School of Civic Life Dean Appointed

A Duke University professor has been named the inaugural director and dean of UNC’s School of Civic Life and Leadership.

Jed Atkins, the E. Black Byrne Associate Professor of classical studies and faculty director of Duke’s Civil Discourse Project at the Kenan Institute for Ethics, will begin working at UNC’s newest school on March 28.

Atkins is also director of Duke’s Transformative Ideas Program, and his research focuses on Greek, Roman and early Christian moral and political thought. He has written two books, Roman Political Thought, published in 2018, and Cicero on Politics and the Limits of Reason: The Republic and Laws, published in 2013.

At UNC, Atkins will hold the Taylor Grandy Distinguished Professorship on the philosophy of living. Other finalists included Daniel DiSalvo, a political science professor at City College of New York; Thomas Merrill, a professor at American University; and Sarah Truel Roberts, a professor in UNC’s political science department and the faculty director for UNC’s Program for Public Discourse. Roberts is the interim director and dean of the School of Civic Life and Leadership until Atkins takes over later this month.

Each candidate presented during four sessions in January, submitted scholarly publications for review and met with the search panel, which included faculty, staff and students, according to The Daily Tar Heel.

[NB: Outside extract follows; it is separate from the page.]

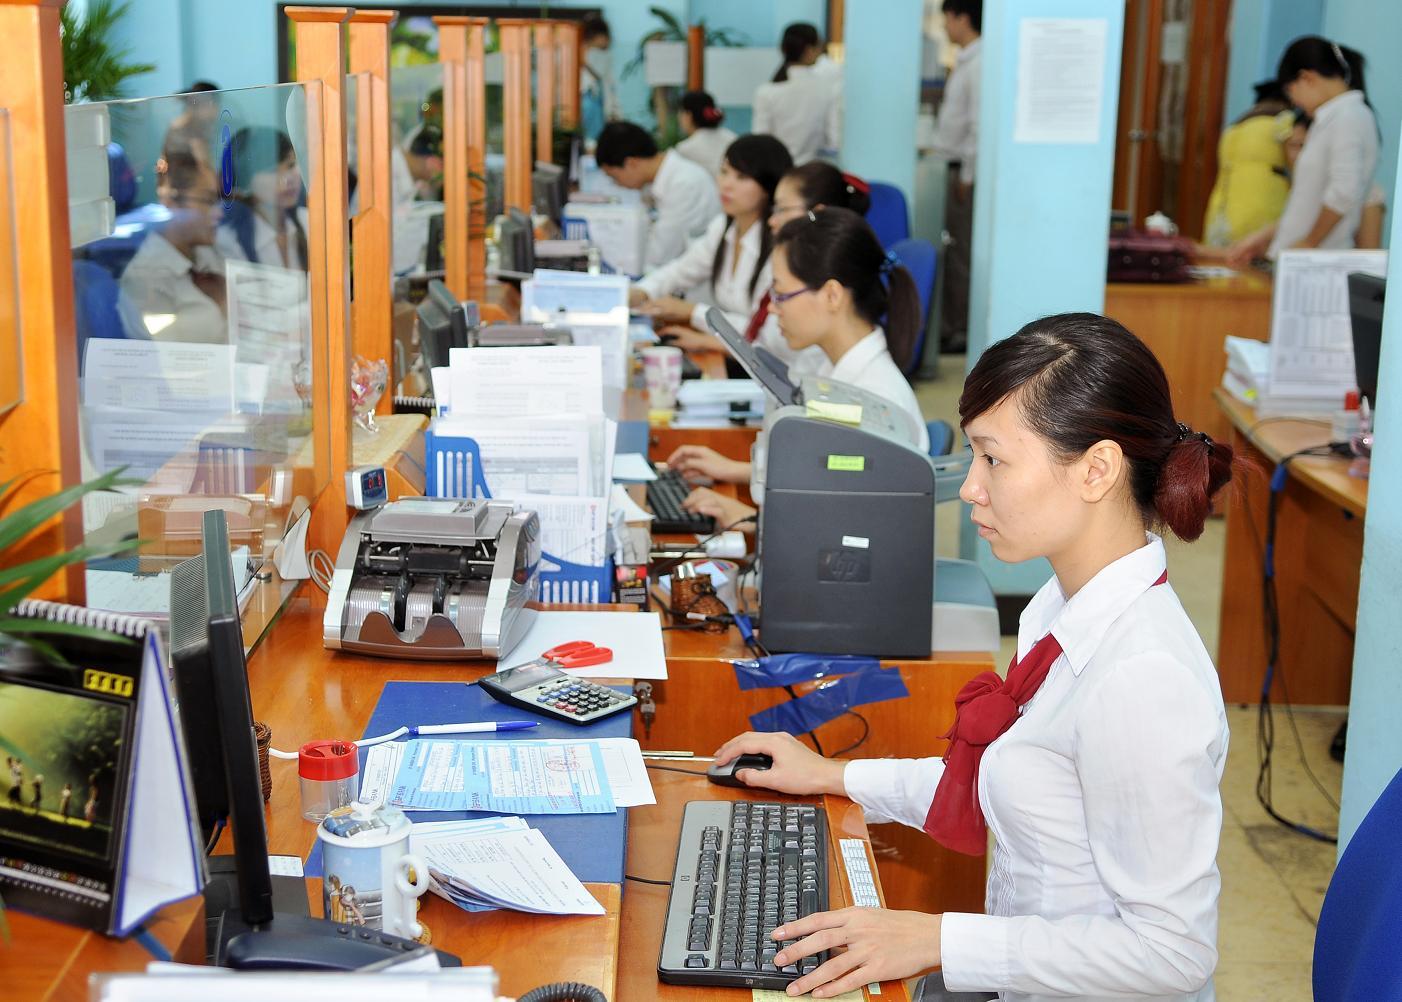 Bộ Tài chính chuẩn bị tổ chức Ngày Pháp luật Tài chính năm 2020

Atkins, who earned his doctorate in classics and his master’s degree in political thought and intellectual history — both from the University of Cambridge — recommended in his presentation the school operate as a residential learning community.

“Among a field of excellent candidates, Jed Atkins stood out for his broadminded interdisciplinary, his formidable body of fine scholarship, his considerable leadership experience and his thoughtful and bold vision for the School of Civic Life and Leadership,” said Mark Katz, the John P. Barker Distinguished Professor of music and the founding director of the Next Level Cultural Diplomacy Program, who served as chair of the search committee. “We look forward to working with him and are excited for the future of SCiLL under his leadership.”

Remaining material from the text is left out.